Posted on:2005-10-26Degree:Ph.DType:Dissertation
University:University of Notre DameCandidate:Mak, BonnieFull Text:PDF
GTID:1458390008988865Subject:History
Abstract/Summary:
Although the first generation of electronic books has come and gone, the transfer of printed material into the electronic medium continues to occupy the attention of scholars and librarians alike. Recent advances in digital technologies have allowed institutions to preserve the texts and images of rare books with a high degree of precision. Although these electronic projects provide unprecedented access to treasured materials, they have yet to be fully embraced by readers and scholars. We will explore the reasons for this rift between designers and readers by examining the shift from print to electronic media as a moment in the long history of written artefacts.
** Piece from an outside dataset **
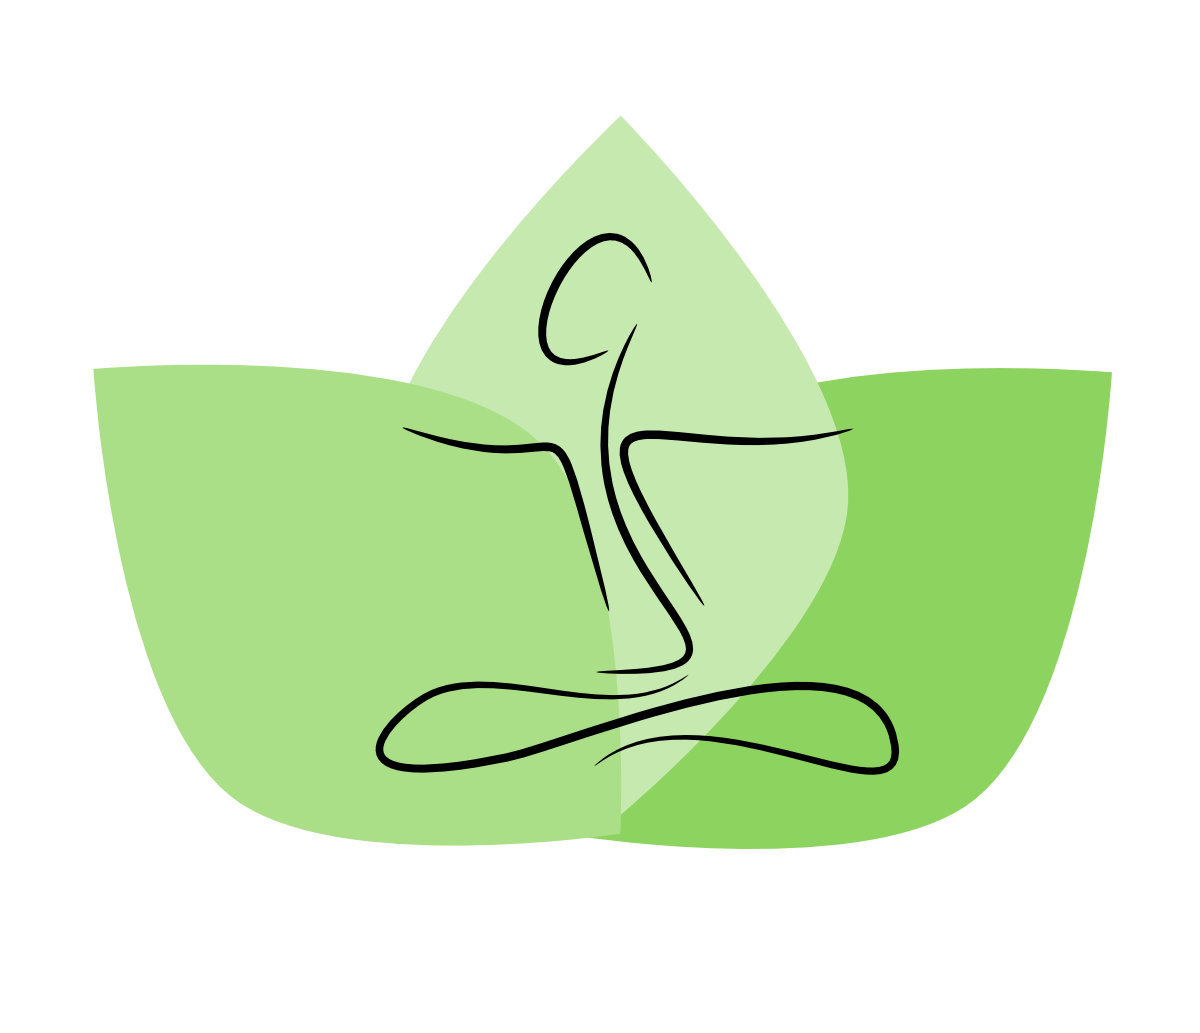 Ein grünes Logo mit einer stilisierten Person und Blättern, die Wohlbefinden oder Yoga symbolisieren könnten.
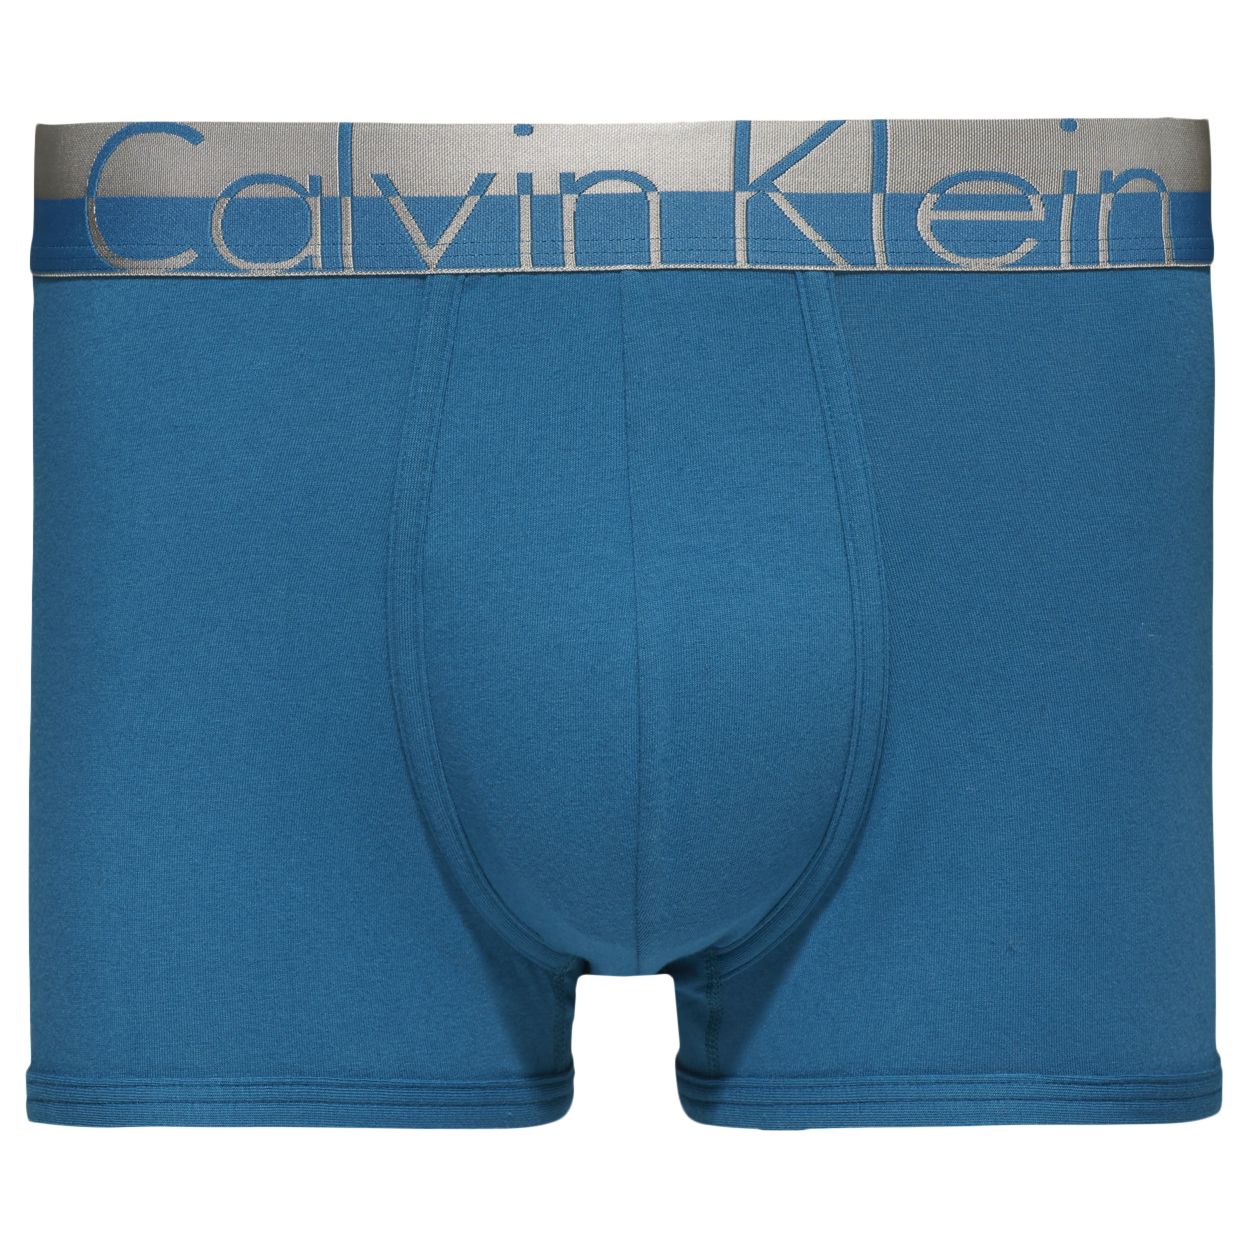 calvin klein magnetic underwear

This dissertation will therefore consider how text and image have been transmitted through time in manuscript, in print, and on computer.; This project uses the Controversia de nobilitate, a late medieval treatise, as a vehicle with which to examine diverse technologies of writing. We shall explore the different ways in which the Controversia has been visually presented and re-presented from the moment of its composition in 1428 to the present. The investigation will guide us through an array of pages from the treatise: parchment pages written and decorated by hand; printed pages in Latin and in translation; and digitally-reproduced pages on the World Wide Web. Through this historical survey, we will discover that any page, whether in manuscript, print, or digital form, is an expressive construction designed to encourage its audience to read in certain ways through the use of textual and non-textual signs. We shall observe how designers assign the Controversia different literary heritages with these signs, and how the text has consequently been received as a participant in these diverse traditions. This study therefore examines how the Controversia de nobilitate has been cast by its designers, how it has been understood by its readers, and how the text has been variously categorised and stored in libraries from the fifteenth century to the modern day. We shall expose how the same text, through subtle changes in its visual presentation, traverses the boundaries established by disciplines and challenges our current categories of knowledge.